Data were obtained from nine departments in six hospitals. The total number of completed questionnaires was 918; however, only 787 (85%) questionnaires were filled in correctly. Men constituted 51% of the respondents, with the average age of 52 years. The major group of the respondents (46%) had vocational education while 25% had secondary education. In the Polish literature, the most important types of patient's needs – in the context of nursing care quality – are mentioned. They include the need for information, control of the situation, safety, interest in the patient's problems and emotional support, respect and acceptance, intimacy and confidence, and friendly atmosphere [22]. Other aspects of nursing care evaluated during studies on patient's satisfaction with nursing care include: correct performance of interventions, interpersonal relations, subjective treatment, readiness to inform the patient, education, satisfying existential needs, and proper accommodation conditions [2]. Polish patients defined their expectations regarding nursing care, but they did not determine what they understood by “good quality” nursing care. However, it must be admitted that the majority of nursing care aspects identified by patients in England have been confirmed in Poland as well.

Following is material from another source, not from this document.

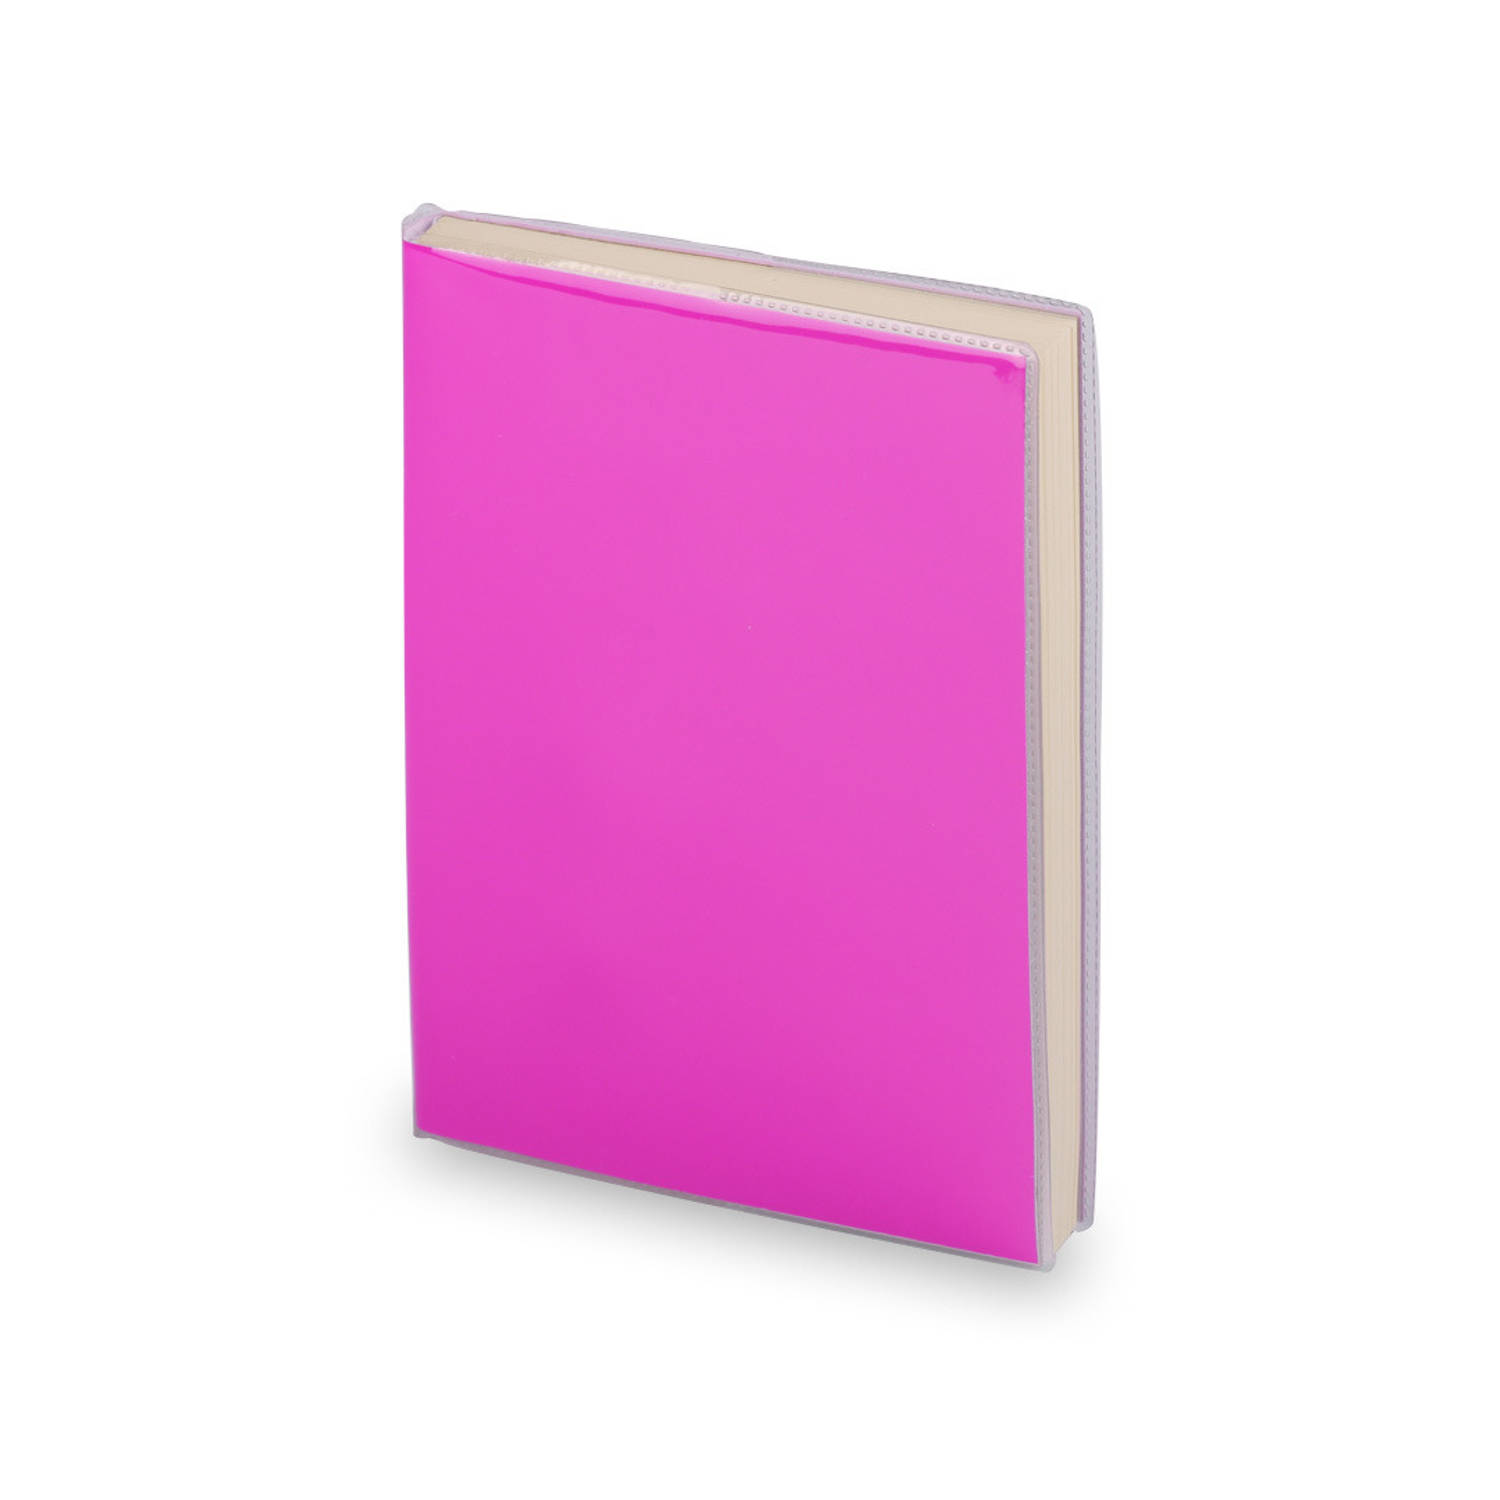 Notitieblokje zachte kaft roze met plastic hoes 10 x 13 cm Notitieboek

Evaluation of the Polish NSNS version by patients

Analysis of the responding method to particular questionnaire parts facilitated identification of the most frequently unanswered items. Lack of response might be because of unclear, too difficult wording, not adequate to the situation or evoking negative emotions. As for the “experience” scale, item no. 18 was most frequently left unanswered (“Nurses informed the next shift nurse what was happening with my care”). In total, the blank response rate to this question was 2.40%. In the “satisfaction” scale, the patients most frequently skipped item no. 11 (“How nurses helped to put your relatives’ or friends’ minds at rest”). To that item, there was no response in 6.50% of questionnaires.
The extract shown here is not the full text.